§ **Try it**: Pictures stay out of the copy; set down each line of the listing below exactly.

§ **Material provided**:

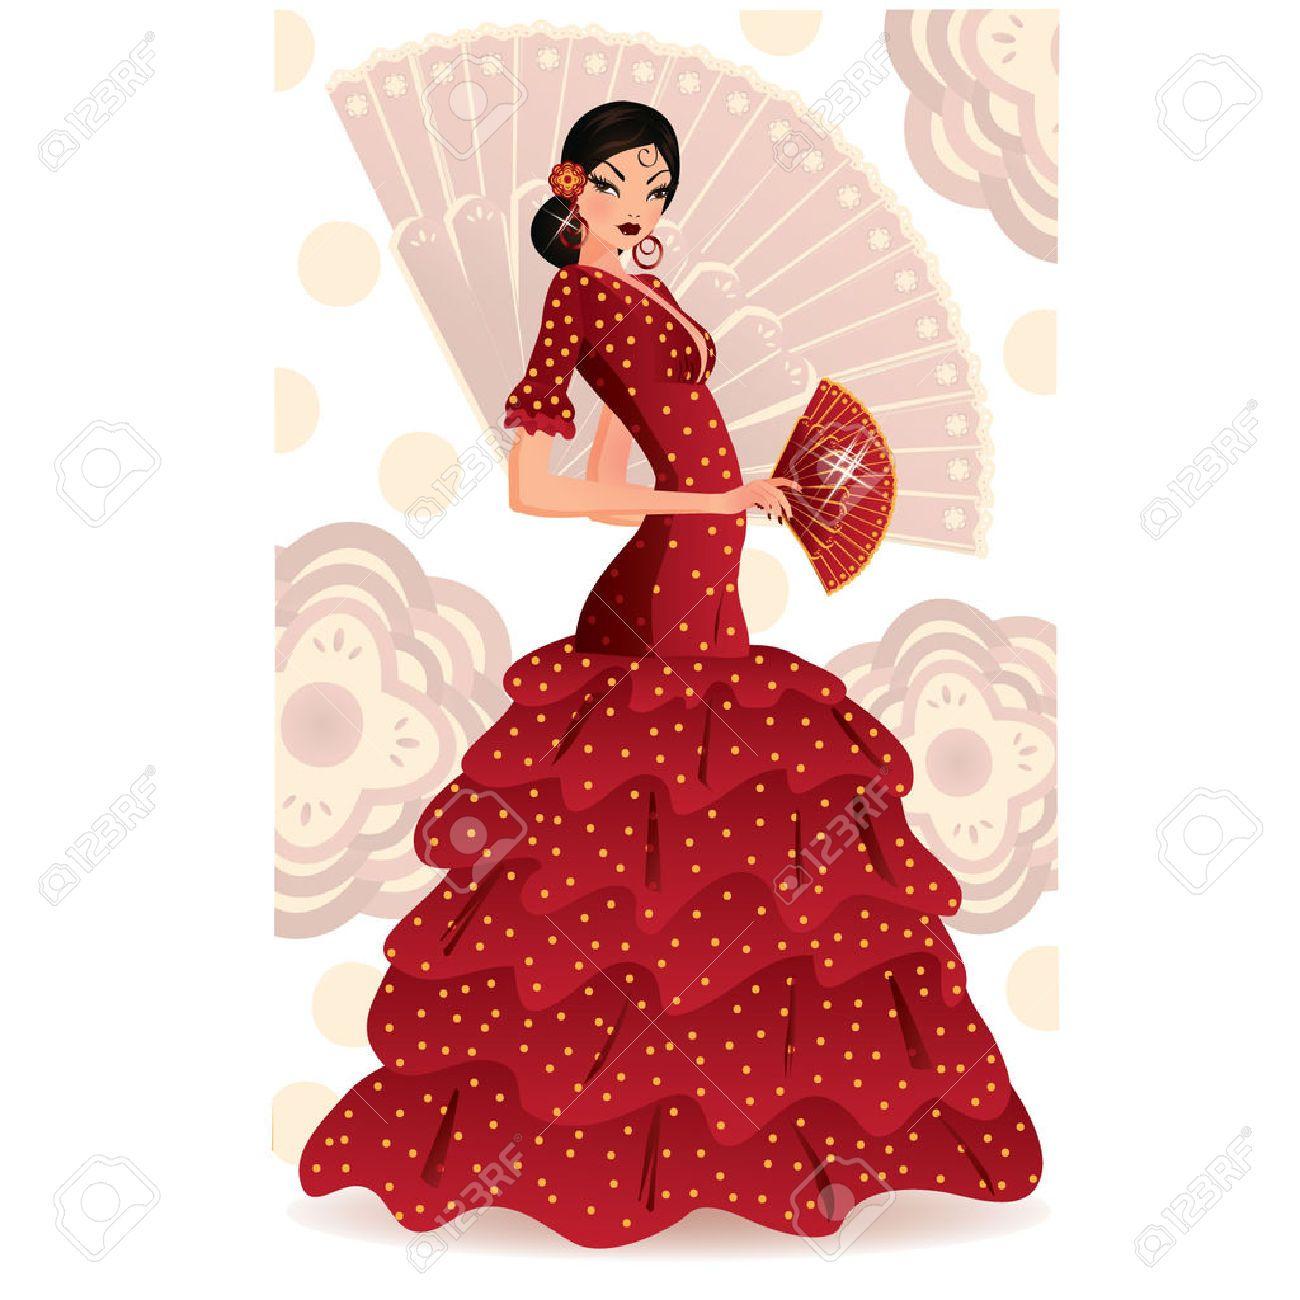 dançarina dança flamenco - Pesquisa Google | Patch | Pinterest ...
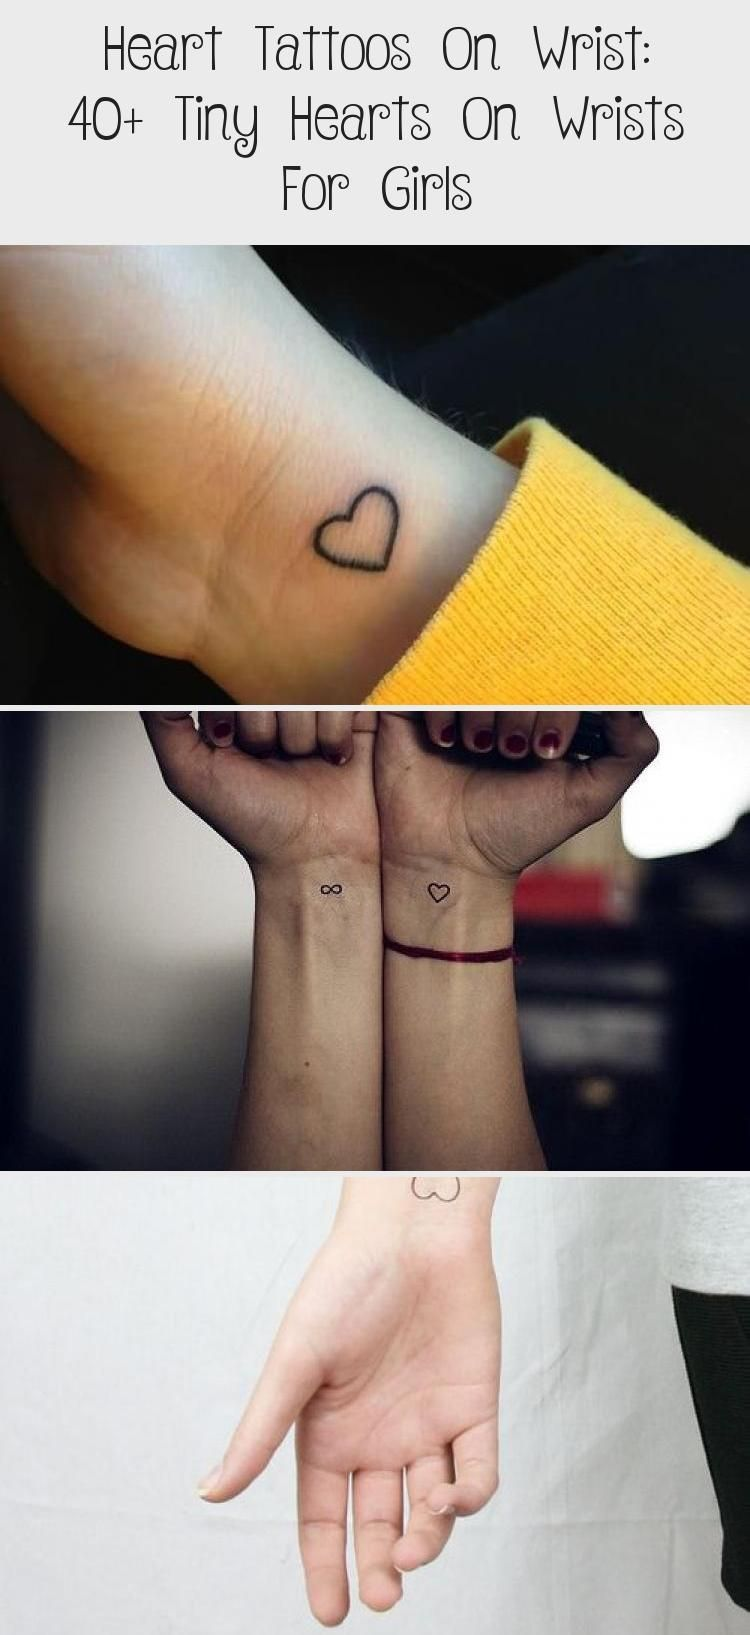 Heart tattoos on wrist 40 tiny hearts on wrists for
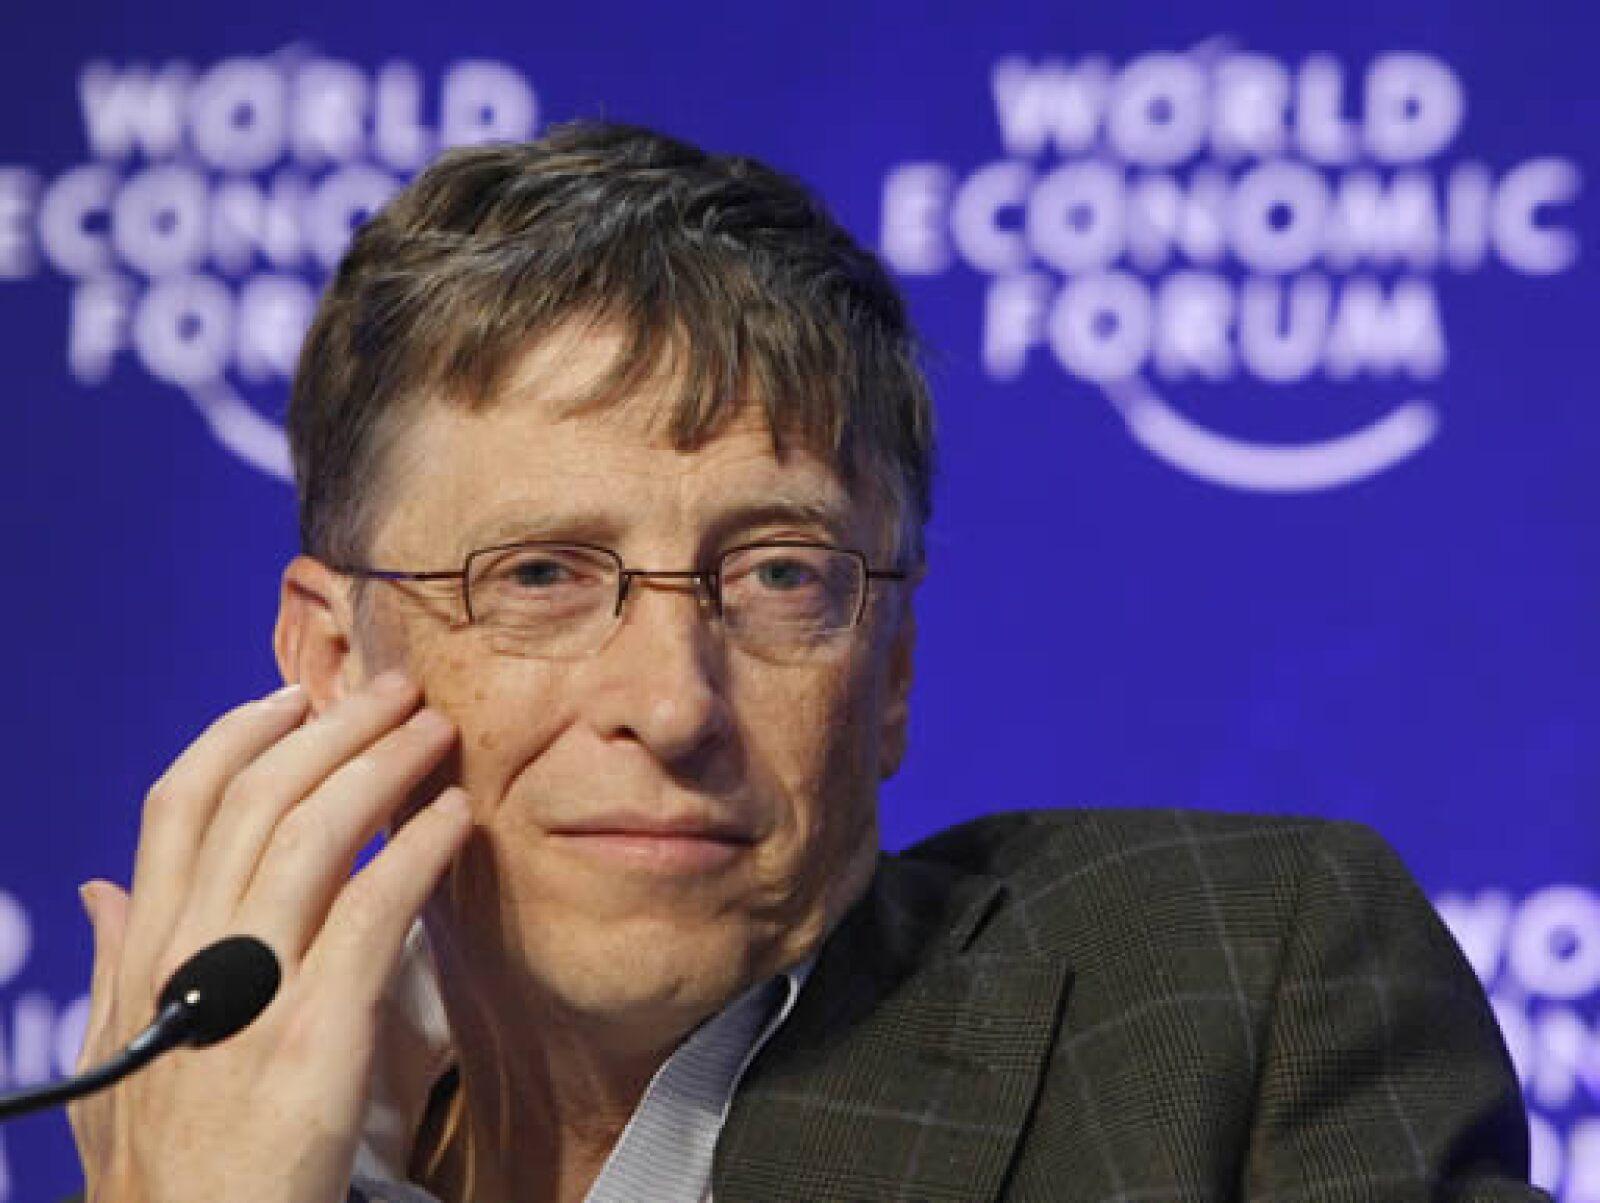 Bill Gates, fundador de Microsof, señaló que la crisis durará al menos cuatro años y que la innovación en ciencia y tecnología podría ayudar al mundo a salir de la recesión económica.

§ **Result for this exercise**:
 dançarina dança flamenco - Pesquisa Google | Patch | Pinterest ...
 Heart tattoos on wrist 40 tiny hearts on wrists for
 Bill Gates, fundador de Microsof, señaló que la crisis durará al menos cuatro años y que la innovación en ciencia y tecnología podría ayudar al mundo a salir de la recesión económica.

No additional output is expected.